St. Andrew's School is a private, Anglican secondary school in Rose-Hill, Mauritius. It is commonly referred to as SAS. It was founded in February 1943 by Father Alan Rogers in his study at the parsonage of St Paul's, Vacoas, under the blessing of Bishop Hugh Otter-Barry. It was a non-fee paying school, the first coeducational and only Anglican secondary school in Mauritius.

== History ==
Saint Andrew's was founded by Father Alan Rogers on 8 February 1943. The school began with 16 boys and girls as students. The next year in March 1944 the school moved to St Paul's Theological College opposite the present location in Ambrose Street, Rose Hill. This was made possible with the help of the Theological College.

In 1945, Alan Rogers thought that the establishment required a permanent building. In 1946, he left for the United Kingdom to raise the necessary funds. A fundraiser is also organized in Mauritius.

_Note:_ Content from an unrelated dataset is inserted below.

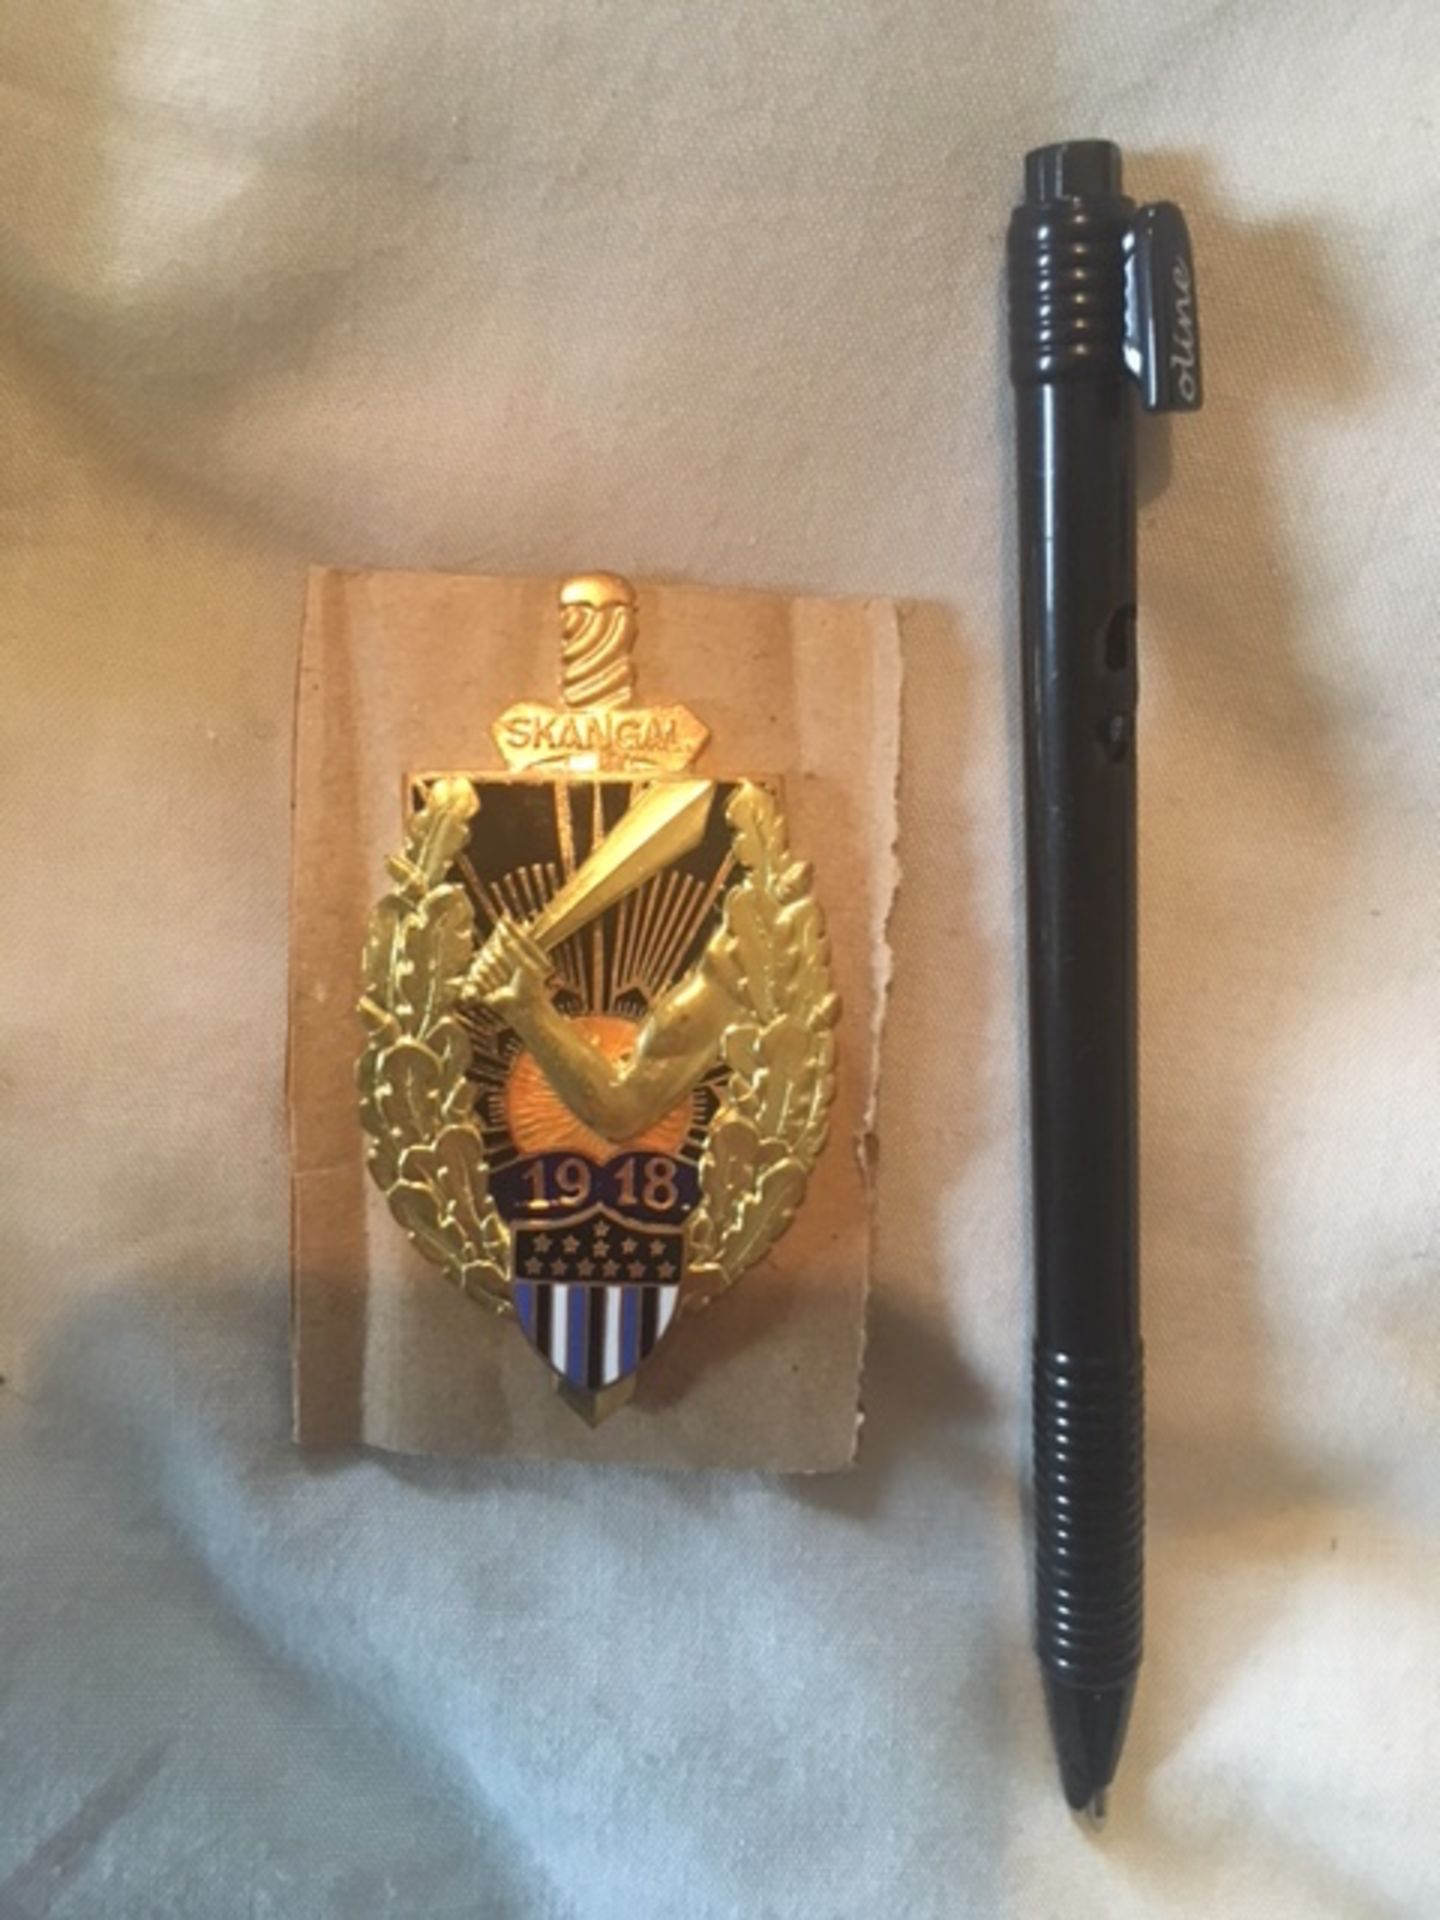 estonia presidential military guard badge - Image 2 of 3

In May 1946, Rogers left, for health reasons, handing over the duties of Warden to the Rev. Thomas Pritchard, B.A. In September 1946, the 29-year-old the Reverend Gordon Williams McAvan, A. K. C., Chaplain of Radley College, took over as Warden, while Canon Rogers remained on the staff for a term as chaplain. By then the school's population was around 125. On 15 June 1950, the St Andrew's College Foundation was established by Ordinance No.30 of 1950 on the wish of Dr the Honourable Edgar Laurent, C.M.G., M.D., Lic-ès-Sc. This was to enable the building of the School to be completed and to provide secondary education for Mauritian youth of both sexes. In 1952 the school entered its first candidates for the H.S.C. exams.

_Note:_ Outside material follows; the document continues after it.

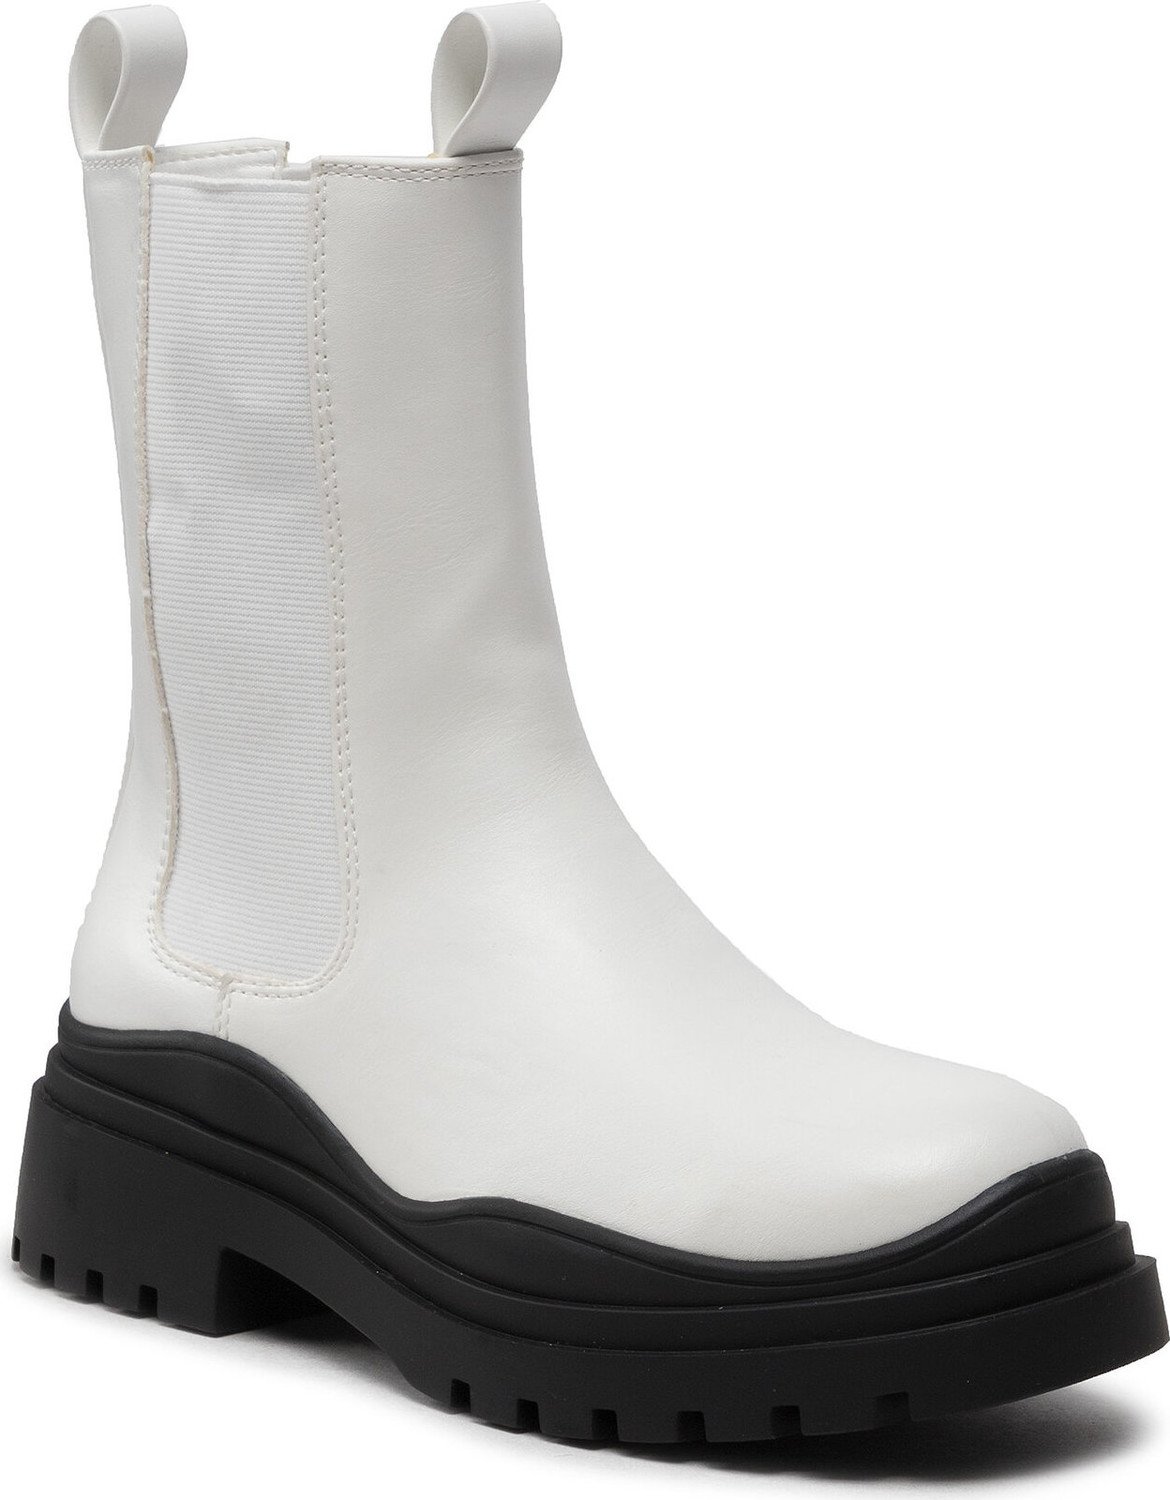 Kotníková obuv s elastickým prvkem DeeZee ZAL90152-1 White/Black

In June 1961, in her Birthday Honours list, H.M. the Queen conferred the OBE on Canon McAvan in recognition of his devoted service to the cause of education. In February 1962, owing to health problems, McAvan went on leave and did not come back, taking up instead parochial ministry in England. In July 1962 Mr John Russan, B.A., succeeded as Warden. December 1967 saw the departure of the last expatriate staff and appointment of the first Mauritian Warden, the Rev. Rex Donat at the head of a completely Mauritian staff. He had been a pupil of the school from 1948 to 1954 and also a member of the teaching staff of the school in 1961.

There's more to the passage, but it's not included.